1. By a resolution adopted by the general meeting of the integrated company,

2. If the principal company no longer is a stock corporation having its seat in Germany,

3. If the principal company no longer holds all of the shares of stock in the integrated company,

4. By dissolution of the principal company.

(2) Where the principal company no longer holds all of the shares of stock in the integrated company, the principal company is to notify the integrated company of this fact without undue delay and in writing.

(3) The management board of the formerly integrated company is to file, without undue delay, an application for entry in the Commercial Register kept at the seat of the company of the end of the integration, its cause, and the time at which the integration ended.

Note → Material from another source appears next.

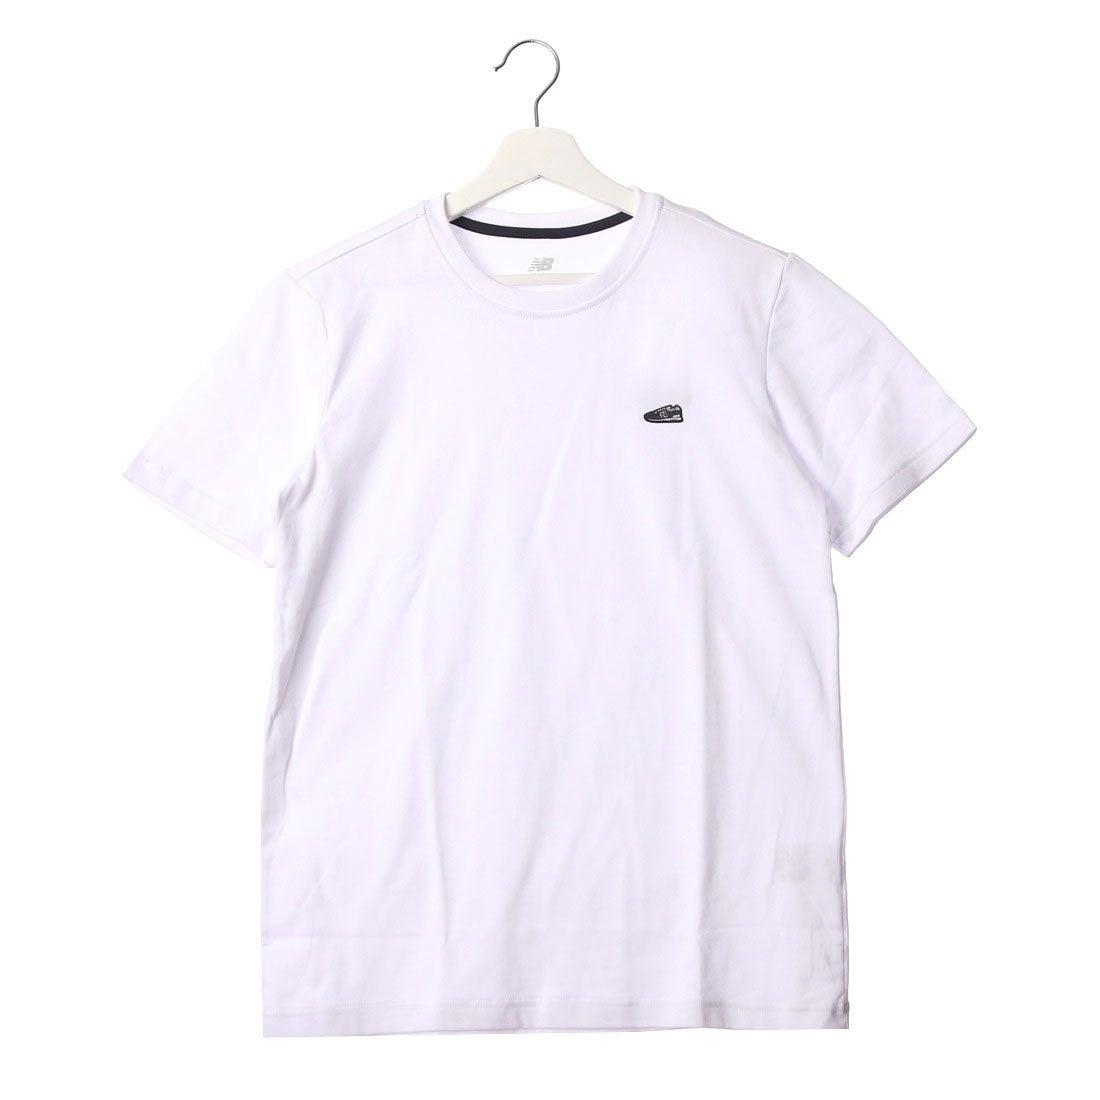 543af81a426ab new balance ニューバランス NEW BALANCE メンズ 半袖Tシャツ JMTL7209 JMTL7209 -レディースファッション通販  ロコンドガールズコレクション (ロココレ)

(4) Where the integration comes to an end, the former principal company shall be liable for the obligations of the formerly integrated company that have arisen up to that time, if they are due prior to five (5) years lapsing following the end of the integration and if, on their basis, claims against the former principal company have been established in a manner as set out in section 197 (1) nos. 3 to 5 of the Civil Code (BGB), or if a court enforcement action or an enforcement action by the authorities has been taken or applied for; where public-law liabilities are concerned, it shall suffice for an administrative decision to be issued. The period shall commence running on the day on which the entry of the end of the integration in the Commercial Register has been published by notice pursuant to section 10 of the Commercial Code (HGB). Sections 204, 206, 210, 211, and 212 subsections (2) and (3) of the Civil Code (BGB) applying to prescriptions shall be correspondingly applied. The establishment of claims in a manner as set out in section 197 (1) nos. 3 to 5 of the Civil Code (BGB) shall not be required should the former principal company have acknowledged the claim in writing.